4 Anggota DPRD DKI Jakarta kembali diperiksa KPK soal reklamasi
Selain Bestari, KPK juga memanggil anggota DPRD lainnya seperti Abdul Ghoni, Muhamad Guntur, dan Trinanda Prihantoro.
Beberapa anggota DPRD DKI Jakarta kembali dipanggil Komisi Pemberantasan Korupsi (KPK) untuk dimintai keterangannya terkait penerimaan suap Mohamad Sanusi (MSN), Ketua Komisi D DPRD DKI sekaligus anggota Balegda. Hari ini KPK memanggil empat orang saksi untuk Sanusi.

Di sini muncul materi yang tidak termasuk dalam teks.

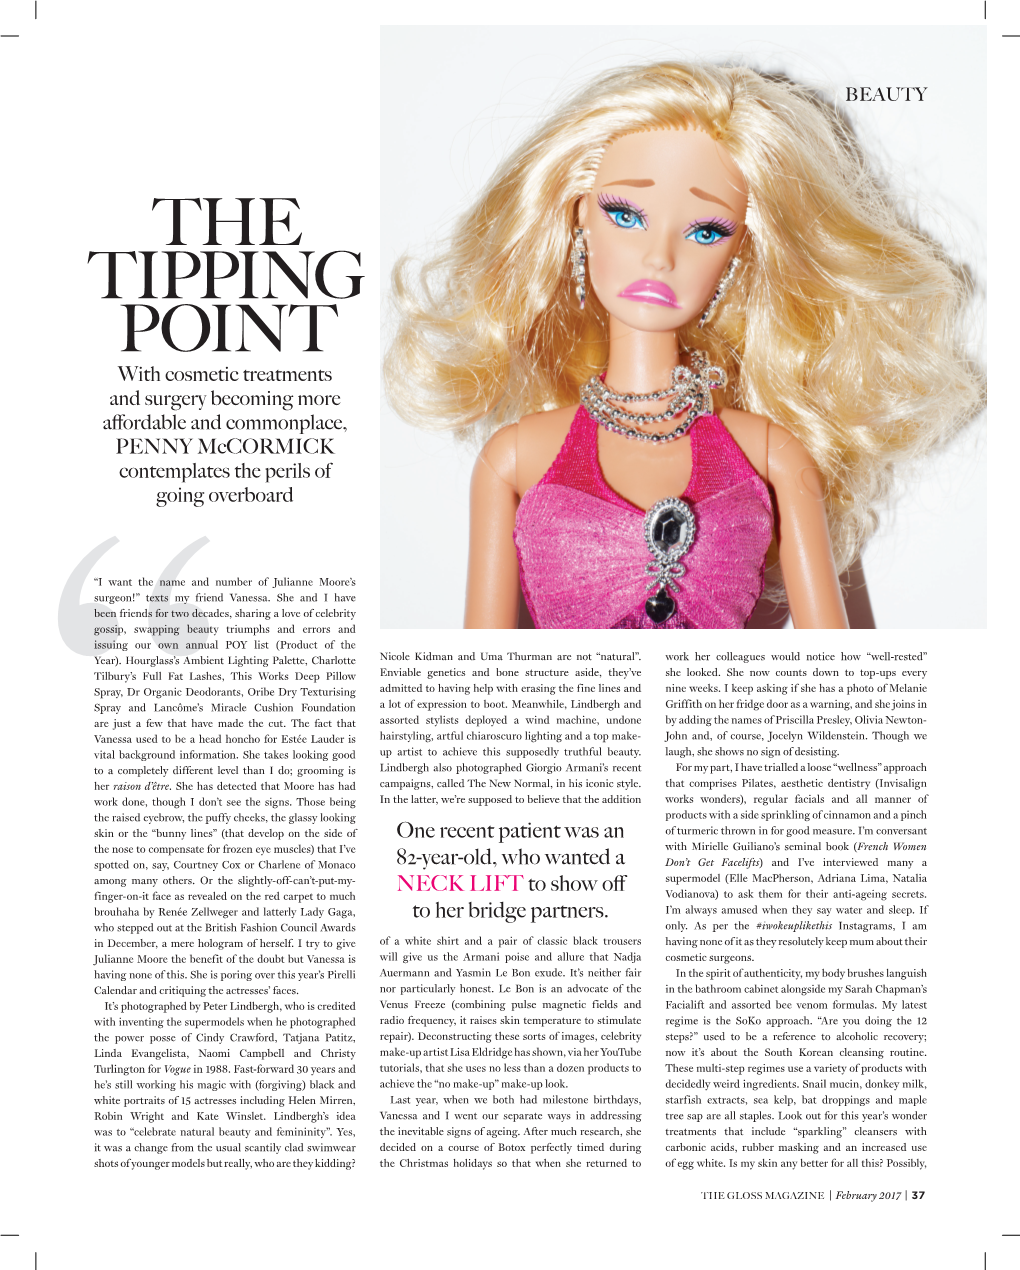 THE TIPPING POINT with Cosmetic Treatments and Surgery Becoming More Affordable and Commonplace, PENNY Mccormick Contemplates the Perils of Going Overboard

"Diperiksa sebagai saksi untuk MSN," ujar pelaksana harian kabiro humas KPK Yuyuk Andriati, Rabu (15/6).
Bestari Barus yang hari ini menjalani pemeriksaan kesekian kalinya dalam kasus ini enggan berkomentar. Dia hanya berujar pemeriksaan terakhir masih dikonfirmasi soal rapat di Badan Legislasi Daerah (Balegda) DKI Jakarta soal pembahasan raperda reklamasi.
"Soal rapat di Baleg aja," kata Bestari setibanya di Gedung KPK.
Selain Bestari, KPK juga memanggil anggota DPRD lainnya seperti Abdul Ghoni, Muhamad Guntur, dan Trinanda Prihantoro, tersangka pemberi suap kepada Sanusi.
Pemanggilan para anggota DPRD DKI Jakarta setelah KPK melakukan tangkap tangan terhadap Sanusi. Diketahui pada awal tahun beberapa anggota DPRD DKI Jakarta seperti Mohamad Taufik, Mohamad Sangaji, Mohamad Sanusi, Prasetyo Edi Marsudi melakukan pertemuan di kediaman CEO Agung Sedayu Group, Sugianto Kusuma alias Aguan. Presiden Direktur PT Agung Podomoro Land Ariesman Widjaja pun hadir dalam pertemuan tersebut.
Diduga kuat dalam pertemuan tersebut membahas soal kontribusi yang semestinya dibayar oleh para pengembang ke Pemerintah Provinsi DKI Jakarta. Hal ini lantaran Gubernur DKI Basuki Tjahaja Purnama, Ahok, berkeras menetapkan kewajiban kontribusi tambahan pengembang sebesar 15 persen, sedangkan pengembang menginginkan 5 persen saja.
Hal inilah yang masih didalami oleh penyidik KPK terkait pertemuan tersebut. Sanusi sendiri merupakan tersangka hasil operasi tangkap tangan KPK pada Kamis (31/3) di sebuah pusat perbelanjaan Jakarta Selatan. Dengan barang bukti uang pecahan 1.000 USD sebanyak 80 lembar dan 100 ribu USD sebanyak 11.400 lembar. Transaksi tersebut merupakan kali kedua setelah pemberian pertama pada 28 Maret sebesar Rp 1 Miliar.
Sanusi pun disangkakan melanggar pasal 12 a atau pasal 12 b atau pasal 11 UU Tipikor No 31 Tahun 1999 sebagaimana diubah UU No 20 Tahun 2001 jo Pasal 64 (1) KUHP.